Дома Геннадий уселся за стол, вырвал из тетради лист бумаги, взял химический карандаш. Задумался. Медленно вывел первые слова: «В подпольную комсомольскую организацию. От ученика седьмого класса Голенева Геннадия Ивановича». Погрыз кончик карандаша. Снова склонился над столом. «В нашем городе враг. Мы боремся с ним. И в такое время я не нахожусь в рядах комсомола! Я обещаю быть стойким, честное слово! Я борюсь и буду бороться, как умею. А придет время, прошу вас, товарищи, назвать и меня членом великого Ленинского комсомола. Г. Голенев».

Геннадий перечитал.

— Что ты там сочиняешь? — услышал он вопрос матери.
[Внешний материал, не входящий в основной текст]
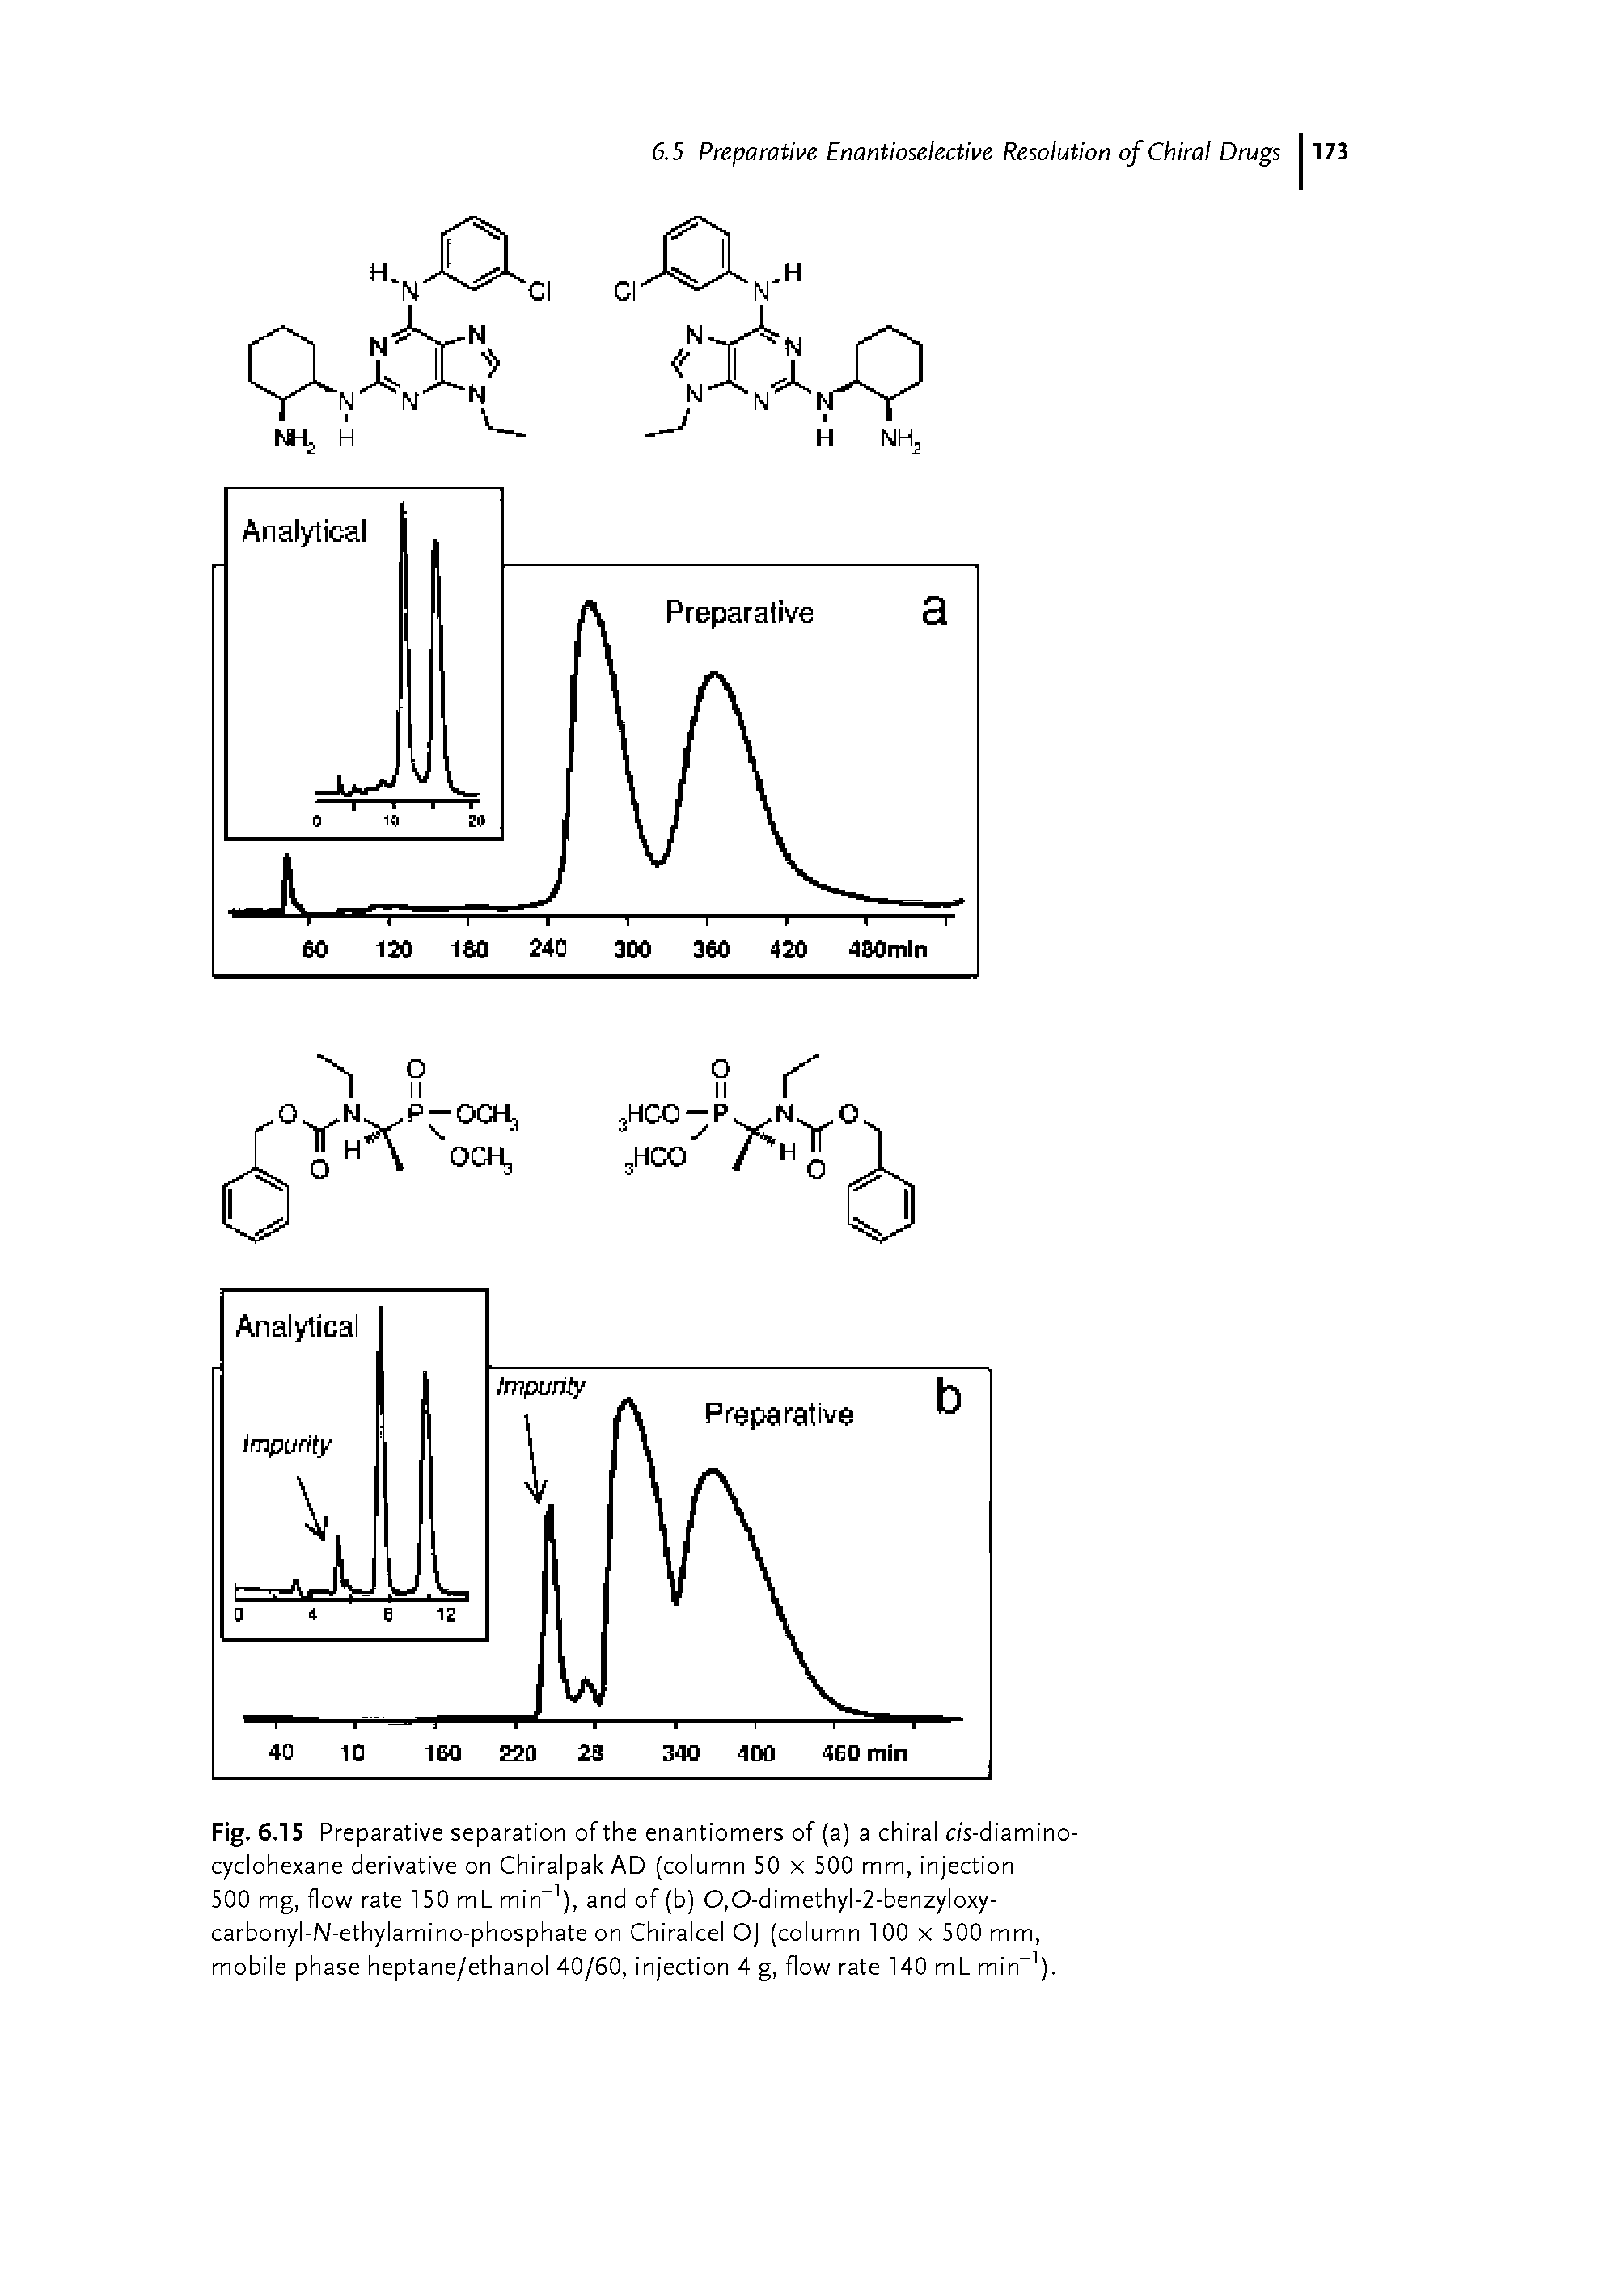 Fig. 6.15 P reparative separation of the enantiomers of (a) a chiral c/s-diamino-cyclohexane derivative on Chiralpak AD (column 50 x 500 mm, injection 500 mg, flow rate 150 mL min ), and of (b) 0,0-dimethyl-2-benzyloxy-carbonyl-N-ethylamino-phosphate on Chiralcel OJ (column 100 x 500 mm, mobile phase heptane/ethanol 40/60, injection 4 g, flow rate 140 mL min ).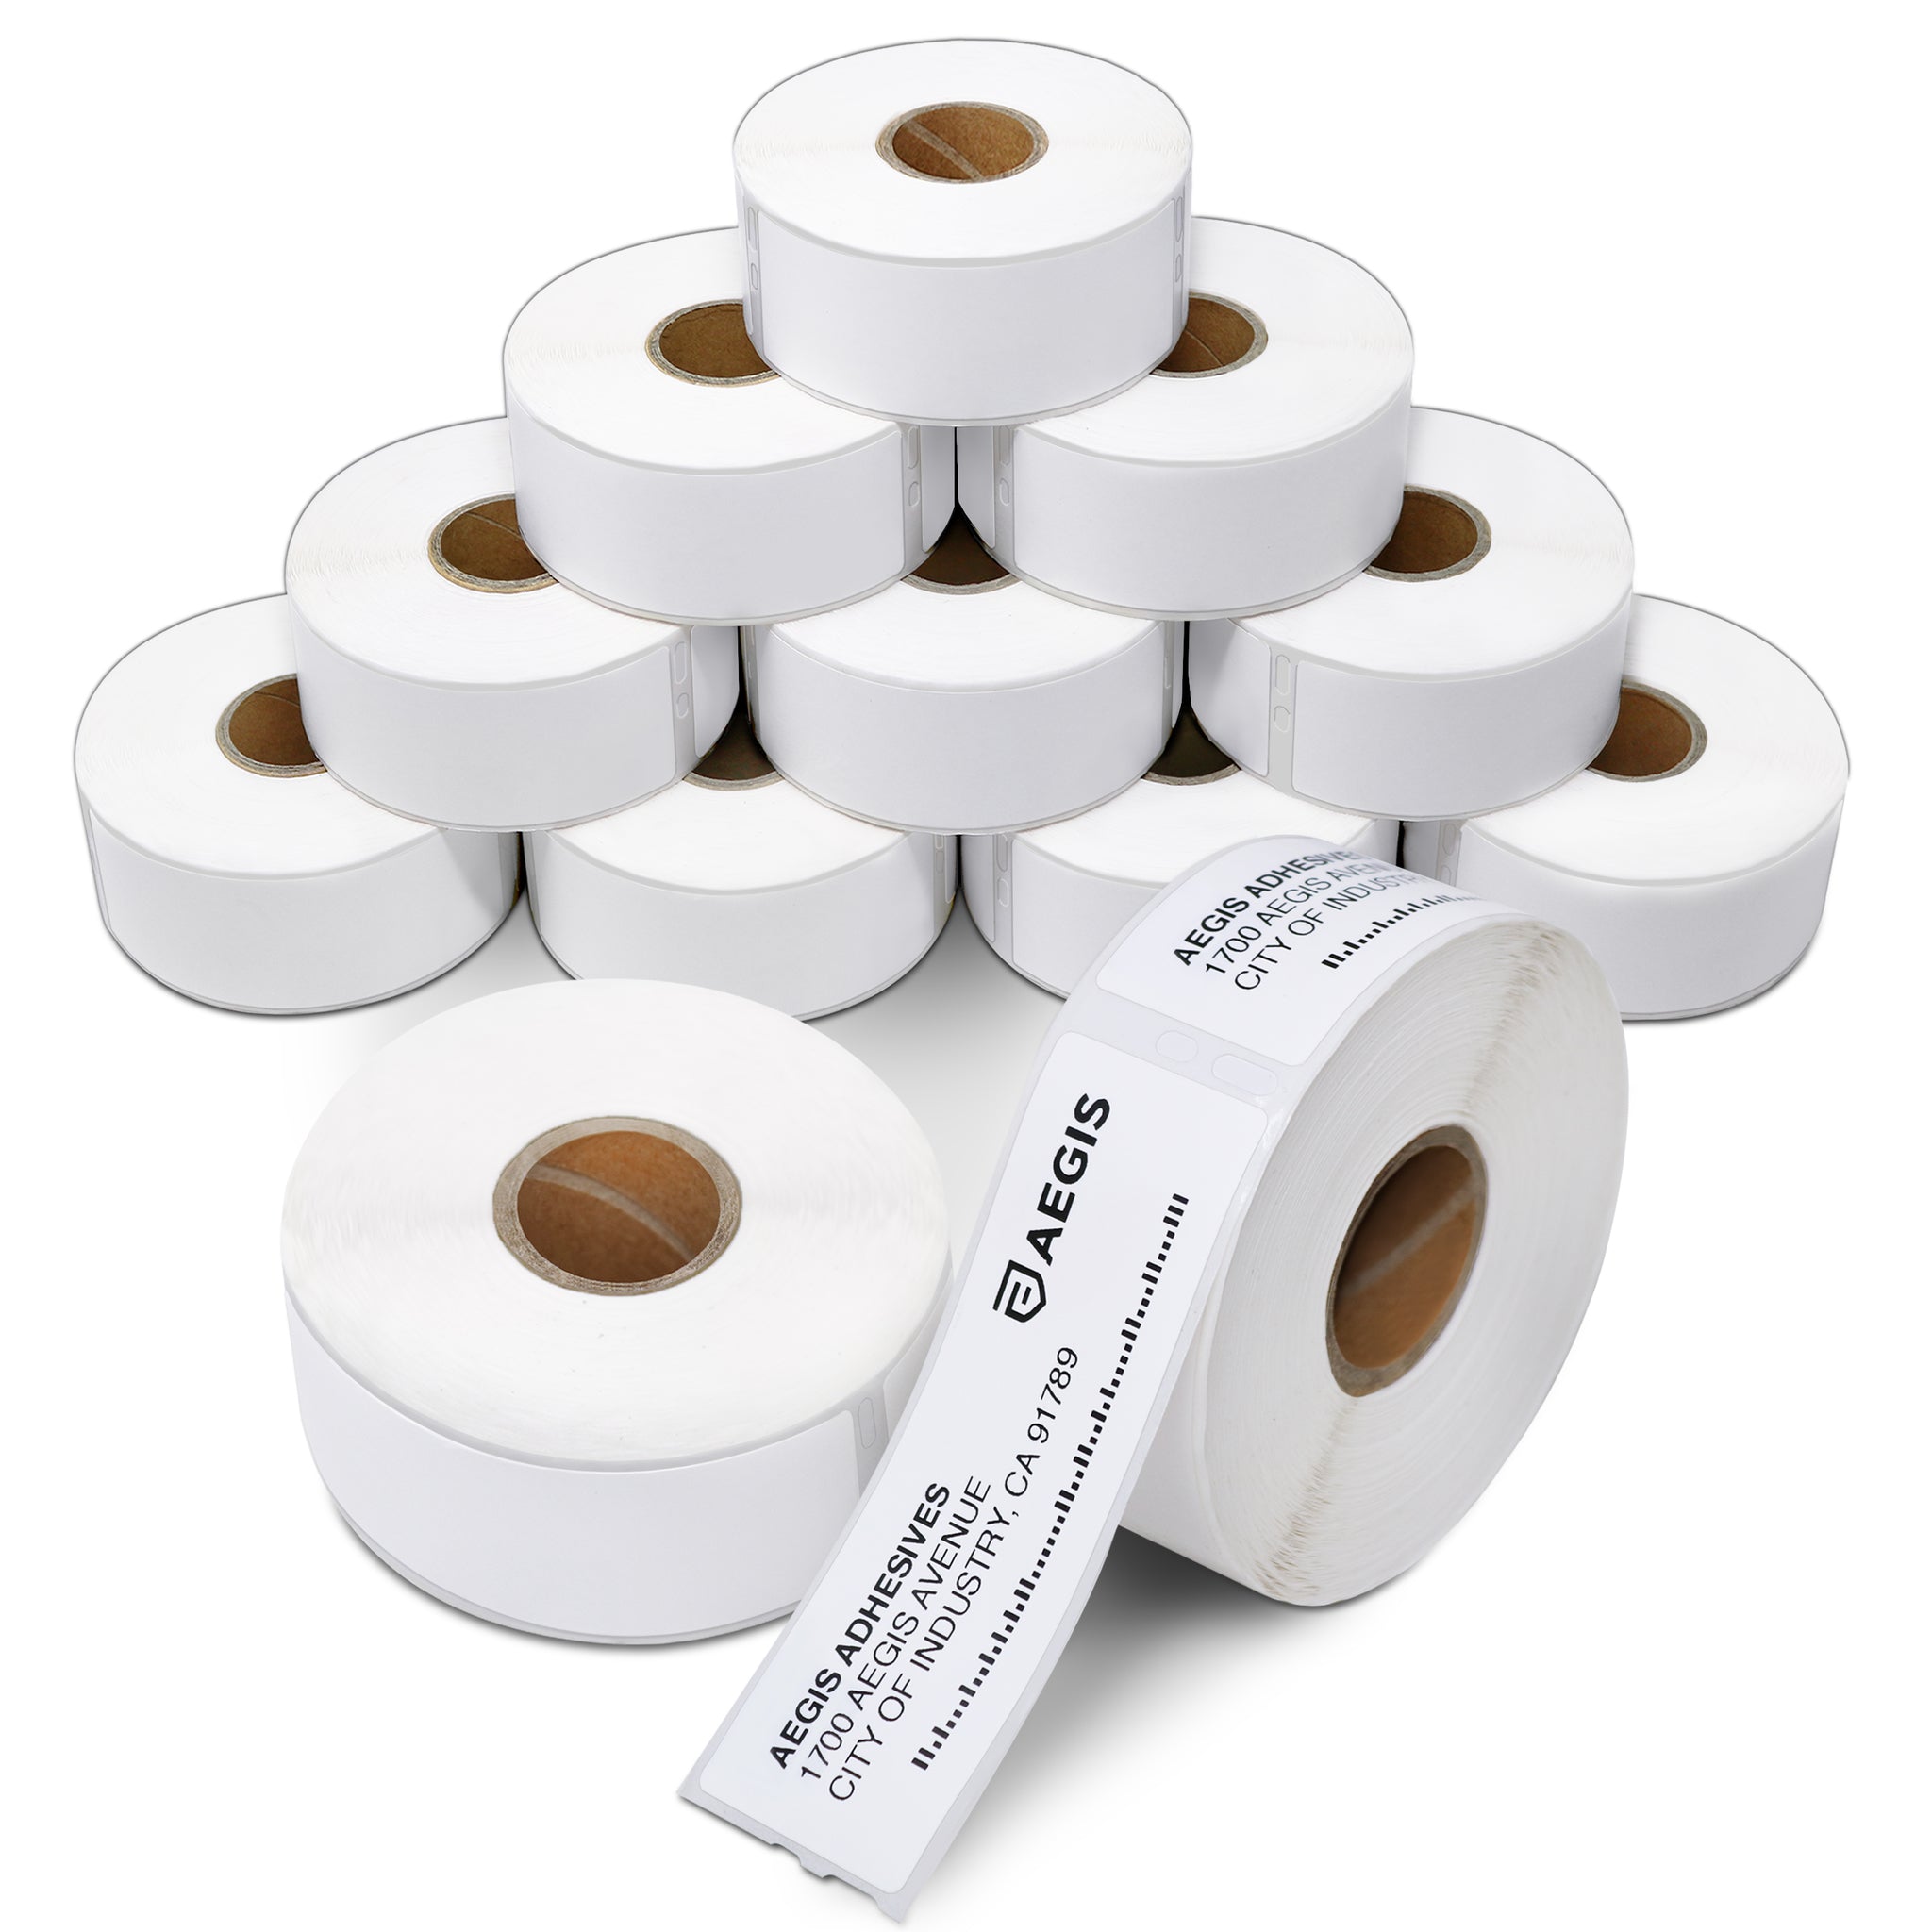 Betckey Dymo 30252 Compatible Address Labels 1-1/8 x 3-1/2

«Скажи ей, опять забеспокоится. Лучше не скажу».

— Да, так. Из-за гитлерюг этих и писать разучишься.

Геннадий поднялся по лестнице на чердак, осмотрелся. Увидел в самом углу треснувшую балку, засунул в нее заявление…

На Лысой горе

После бомбежки советские самолеты легли на обратный курс. В небо поднялись вражеские истребители. Завязался бой. Геннадий сидел на крыше, подняв голову вверх. Машина с черной свастикой начала падать, оставляя за собою дымный хвост.

— Фашист горит! Наш победил! — кричал тогда Геня не помня себя.

Но однажды сбили советский самолет. Он упал далеко за городом, Геннадий помчался к Вадиму.

— Вадим, там, — Геннадий махнул в сторону Лысой горы, — наш самолет упал. Бежим.

Заскочили за Мишей и напрямик, минуя проезжие дороги и вражеские контрольные посты, торопились к месту катастрофы. Вот они уже почти у цели. Но там, у догорающего самолета, хозяйничали гитлеровцы. Обшарив все, они уехали. Ребята подбежали к дымившемуся самолету, вернее тому, что было раньше самолетом. Возле него в обгоревших черных комбинезонах лежали два летчика.

— Мы их похороним, — решил за всех Вадим.

— Похороним по-настоящему, завтра. И с цветами, — Геннадий сжал кулаки.

Дорогой ребята выработали план. Голенев зайдет к Вале Зориной и через нее даст задание девочкам собрать цветы. Вадим и Миша придут на гору с лопатами.

Валя сама увидела в окно подходившего Геннадия, выбежала навстречу, потянула в дом.

— Что так давно не был? — Валя радостно смотрела на Геннадия. — Да ты садись, садись! — суетилась она, пододвигая то стул, то табуретку.

— Некогда, Валя, я по делу. Вот что… — Геннадий рассказал Вале о задуманном.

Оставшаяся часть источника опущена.